Backward Coherence and Hidden-State Stability in Recurrent Neural Networks: A Quasi-Reverse-Martingale Theory

2026-06-08Machine Learning

Machine Learning
AI summary

The authors study how the hidden states inside recurrent neural networks (RNNs) can be made more stable and interpretable by using a technique called backward coherence, which checks how well a hidden state can be reconstructed from the next one.
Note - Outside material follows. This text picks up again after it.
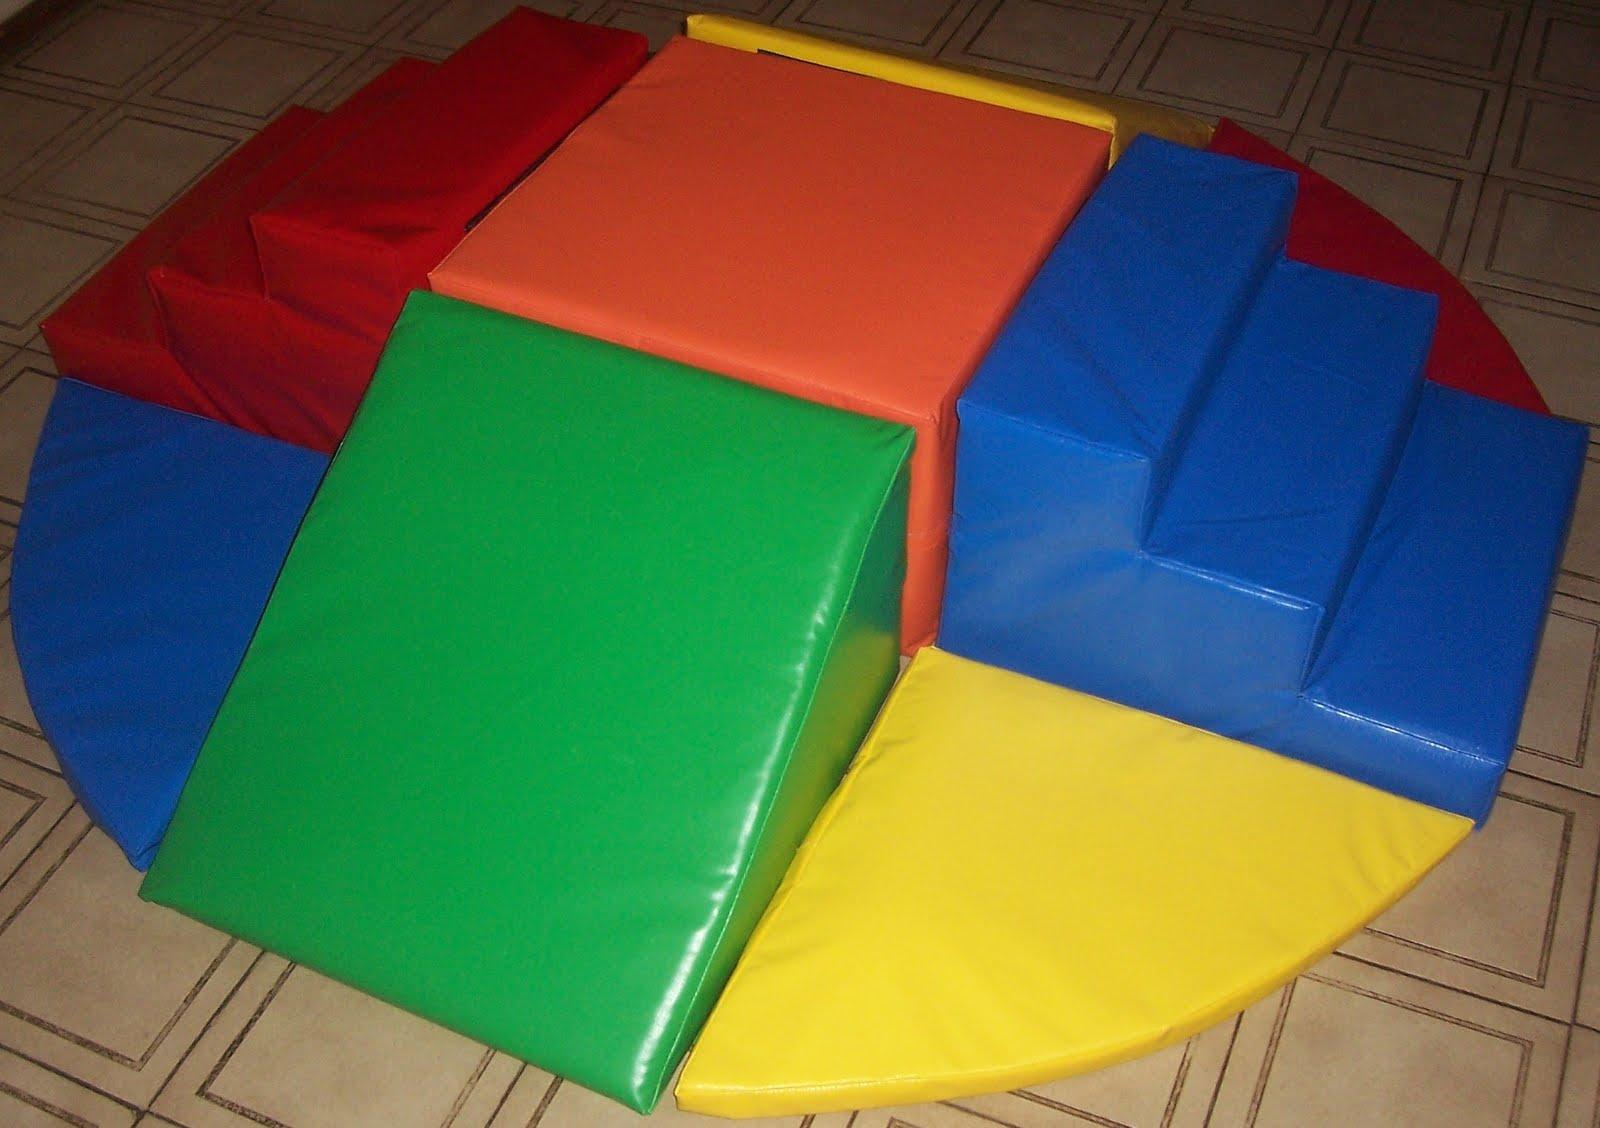 JUEGOS DIDACTICOS juegosdidacticos@gmail.com

They show that under certain assumptions, these hidden states follow a pattern called a quasi-reverse-martingale, which ensures the hidden states converge and have predictable behavior over time. Their method reduces instability and helps the RNN learn more reliably, supported by both simulations and real-world data tests in healthcare and forecasting. Additionally, they connect their approach to variational inference and provide theoretical guarantees under specific conditions.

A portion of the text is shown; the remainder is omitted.